Frosh seeks Whitaker-for-Rosenstein trade

Steve Lash//November 13, 2018

Frosh seeks Whitaker-for-Rosenstein trade

By Steve Lash

//November 13, 2018

FILE - In this June 28, 2018, file photo, Deputy Attorney General Rod Rosenstein appears before a House Judiciary Committee hearing on Capitol Hill in Washington. A group of 11 House Republicans have introduced articles of impeachment against Rosenstein, who oversees special counsel Robert Mueller’s investigation into Russian election interference and President Donald Trump’s 2016 campaign. (AP Photo/Andrew Harnik, File)
FILE – In this June 28, 2018, file photo, Deputy Attorney General Rod Rosenstein appears before a House Judiciary Committee hearing on Capitol Hill in Washington.  (AP Photo/Andrew Harnik, File)

Maryland Attorney General Brian E. Frosh’s bid for a court order that  Matthew G. Whitaker be ousted as acting U.S. attorney general in favor of Deputy AG Rod J. Rosenstein may be just as personal as political.

In announcing his effort to seek the switch, Frosh called President Donald Trump’s selection of Whitaker a “brazen attempt to flout the law and Constitution in bypassing Deputy U.S. Attorney General Rosenstein in favor of a partisan and unqualified staffer.”

Whitaker was the unappointed chief of staff to Jeff Sessions, the U.S. attorney general whose resignation Trump demanded last week. Rosenstein, by contrast, is the appointed deputy U.S. attorney general and, as such, assumed the position of acting attorney general by operation of statute and the Constitution upon Sessions’ departure, Frosh argues in his motion filed Tuesday with U.S. District Judge Ellen L. Hollander in Baltimore.

What Frosh, a Democrat, mentions neither in his court filing nor announcement is the profound respect he has shown for Rosenstein, who served as U.S. attorney for Maryland under Presidents George W. Bush, a Republican, and Barack Obama, a Democrat.
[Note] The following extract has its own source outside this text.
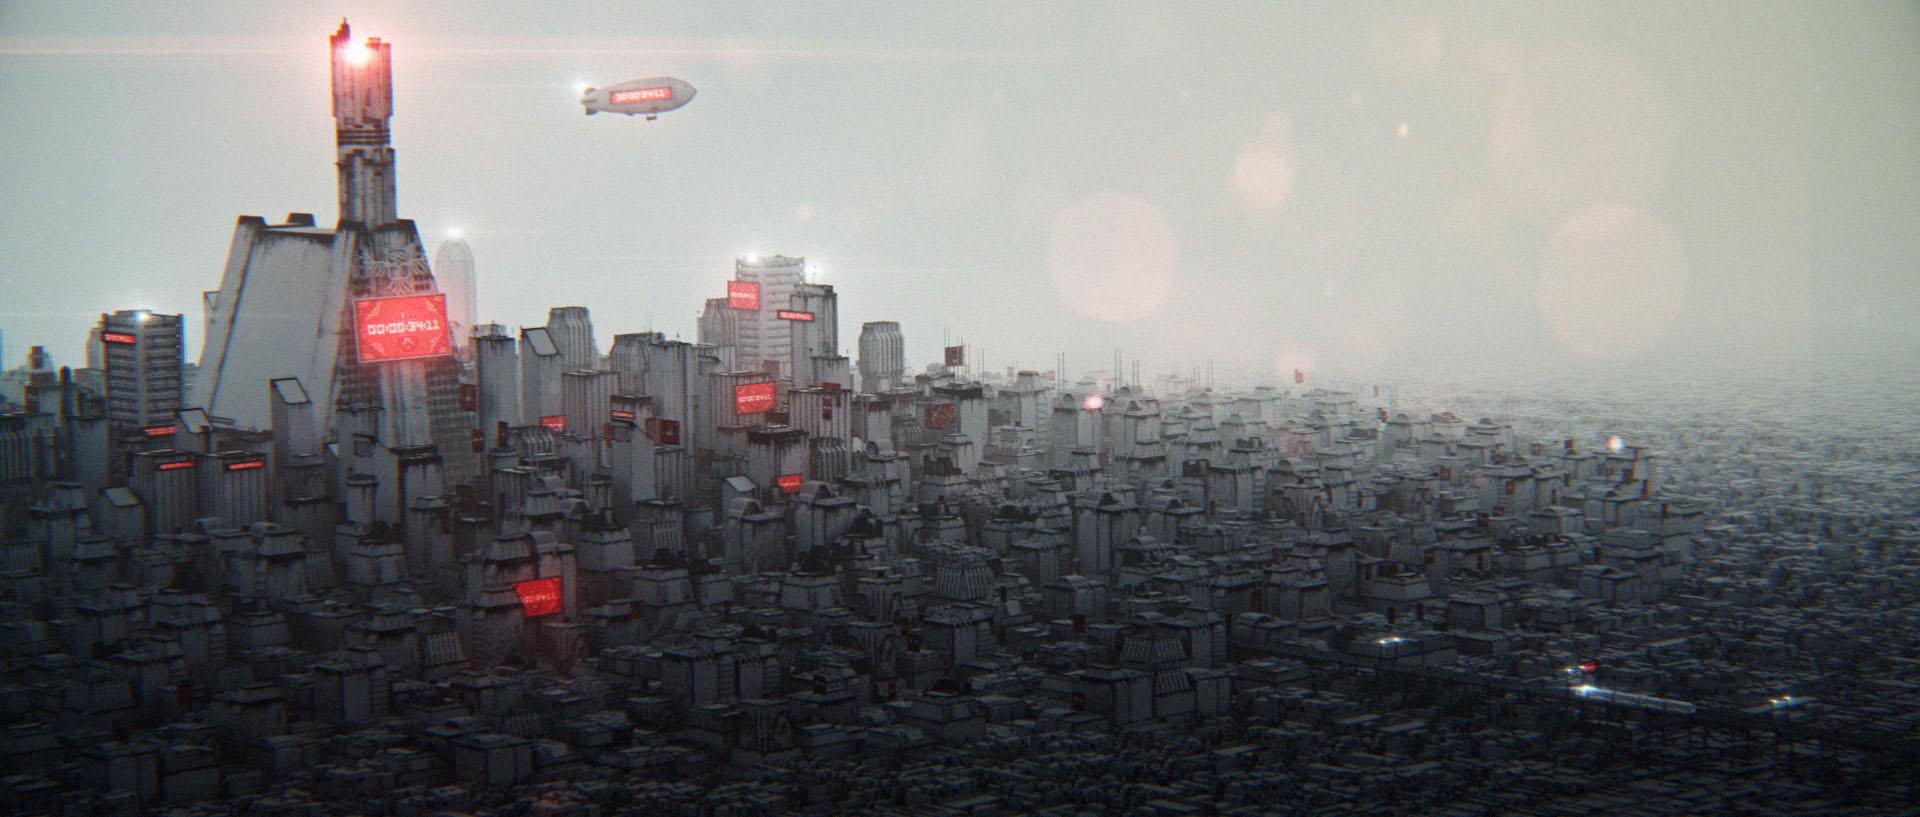 Sci-Fi-London_0000_01.jpg

Last year, Frosh wrote to the U.S. Senate Judiciary Committee, urging the panel to support Rosenstein’s confirmation to the No. 2 post at the Justice Department. Frosh called Rosenstein “intelligent, principled and fair” and “an exemplary leader” who “understands the exponential potential of collaboration with other law enforcement agencies and government institutions, and he puts that understanding into practice.”